Jutta Shaw has recently taken on the leadership of SoulStream’s Contemplative Response to the World initiative.
Jutta offers her own story this morning and for the month of September has invited three other Partners to tell their stories, too, about their own contemplative responses to the world. Thank you, Jutta for this gift of vulnerability and for your leadership.
The role of the leader of the CRW is to:
- invite Partners to awaken to what their contemplative response is, and perhaps could be, as a natural outflow of their life in God;
- invite Partners to share their stories of how they are bringing healing to the world through their everyday actions;
- celebrate Partners’ current engagement in healing and caring for the world;
- encourage participation in responses together with other Partners who share similar awakenings; and
- guide Partners in wondering/discerning together how we might respond to certain issues as a community.
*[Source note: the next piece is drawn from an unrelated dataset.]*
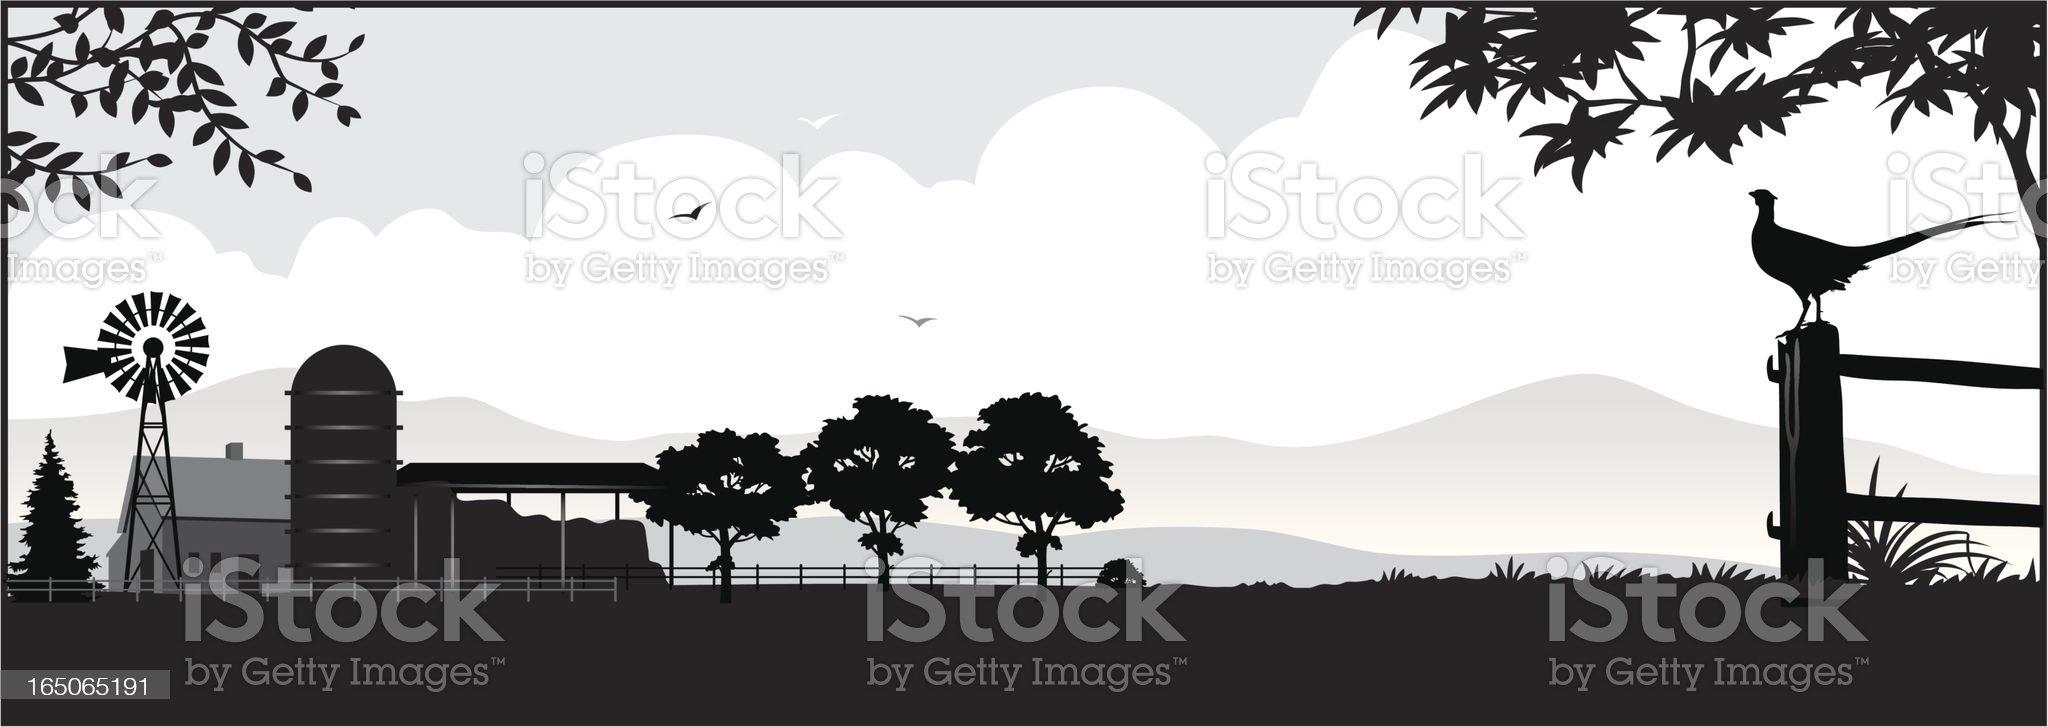 Farm silhouette royalty-free stock vector art
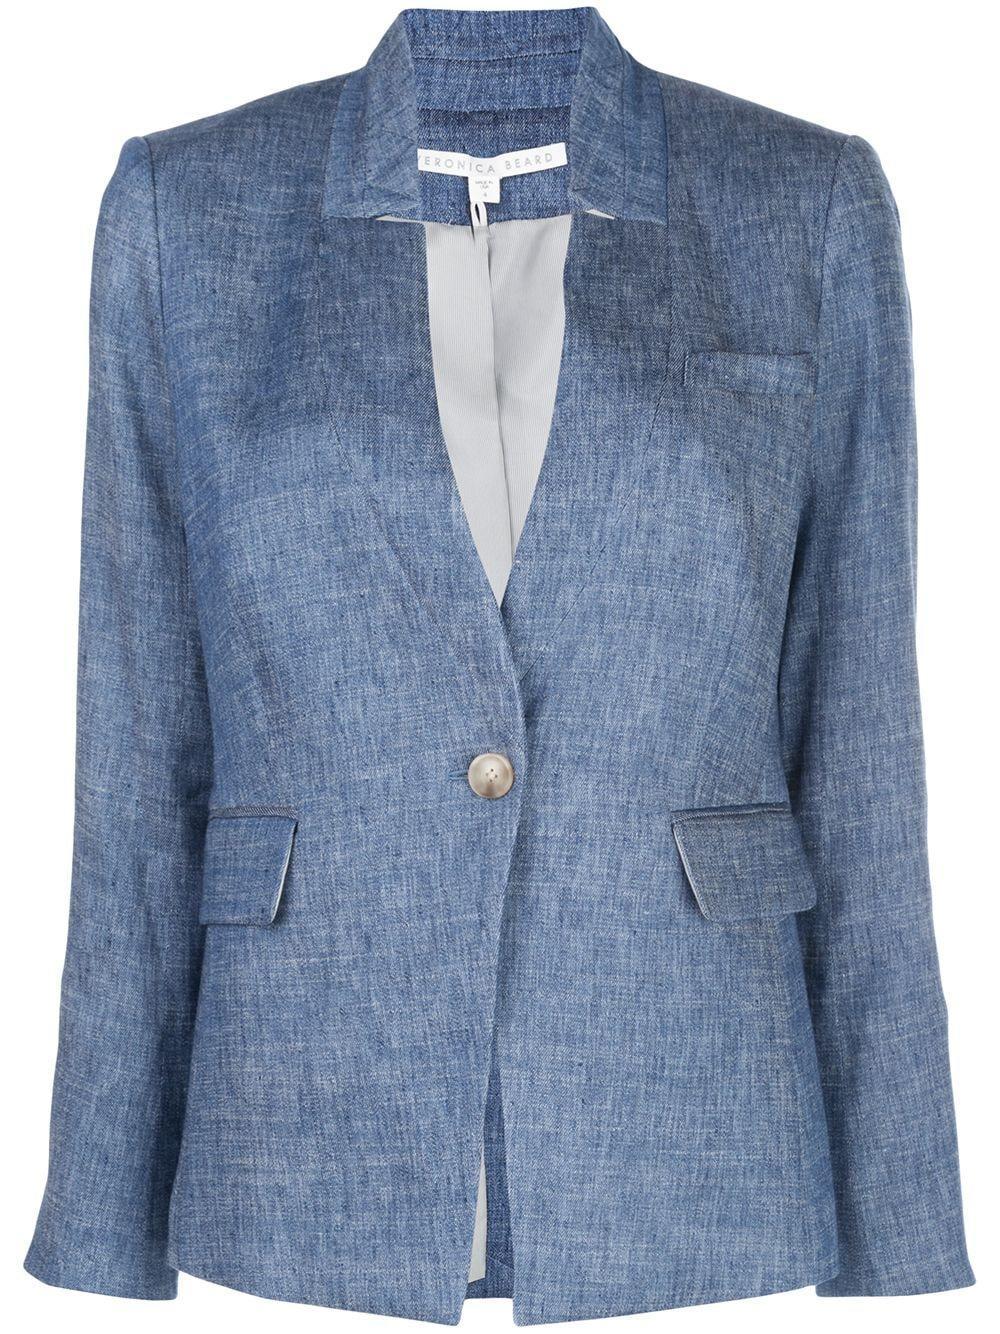 Linen Up Collar Jacket Item # CORELN0081293-S20

As the role suggests, the CRW can be all-encompassing. This is reflected in the introduction today and in the contemplative responses that I have invited three Partners to share on the next three Fridays of September. The PartnerConnects range from in-the-moment responses to daily events to reflections on colonialism and white privilege. I hope that you will be inspired to dwell on your own contemplative responses to the world, and perhaps share them with us.
One of my first experiences as leader of the CRW, was to assist in organizing the SoulStream Liturgy for the Renunciation of the Doctrine of Discovery. This was also one of the first times that SoulStream has responded to an issue as a community. Because of the COVID-19 pandemic, the liturgy took place virtually via Zoom on June 11, 2020. Close to 30 Partners participated in what most found to be a meaningful event.
Since this is my first PartnerConnect as Leader of the CRW Initiative, I thought that I would share a bit more of my background and a few of my contemplative awarenesses. I have been interested in social justice issues for a long time. I remember that one of the first organizations that I supported when I was at the University of Calgary was the “Association for the Protection of Fur-Bearing Animals” in British Columbia. I was also motivated to act on broader societal issues such as income inequality, poverty, and homelessness. This seemed to be consistent with my new Christian faith. I also thought that to get to the heart of these issues, I should study political science and economics. I went on to earn a Master’s degree in Public Policy and work for the federal government for over 20 years.
Identifying as a one on the Enneagram has been illuminating. Recently, I have come across some descriptions of my personality type according to the Myers-Briggs framework, which also seem to really fit. As an “INFJ”, I can be known as an “advocate”, someone who has an inborn sense of idealism and morality. An advocate “always needs to have a cause” and likes to know that “they are taking concrete steps toward their goals” (from the 16Personalities website). This helps me to understand why I have almost always been involved in efforts to alleviate poverty, promote reconciliation with Indigenous people, care for the environment, improve conditions in developing countries, or similar matters. At the same time, I am prone to exhaust myself in short order, if I don’t find a way to balance my ideals with the realities of day-to-day living.
When Doug was interviewing me for the position of Leader of the CRW last April, he commented that action and contemplation are known to be important in responding to social justice concerns, and he asked me where I would place myself on the action and contemplation continuum. I laughed and said, “action”. However, I feel that contemplative practices have become my way of balancing my ideals with the realities of day-to-day living. I more easily recognize the compulsive aspects of my personality, and understand that, no matter how well-meaning, action frequently comes with many unforeseen and unintended consequences.
I am inspired by a recently discovered Meister Eckhart quotation:
The outward work will never be puny if the inward work is great. And the outward work can never be great or even good if the inward one is puny or of little worth. The inward work invariably includes in itself all expansiveness, all breadth, all length, all depth. Such a work receives and draws all it’s being from nowhere else except from and in the heart of God.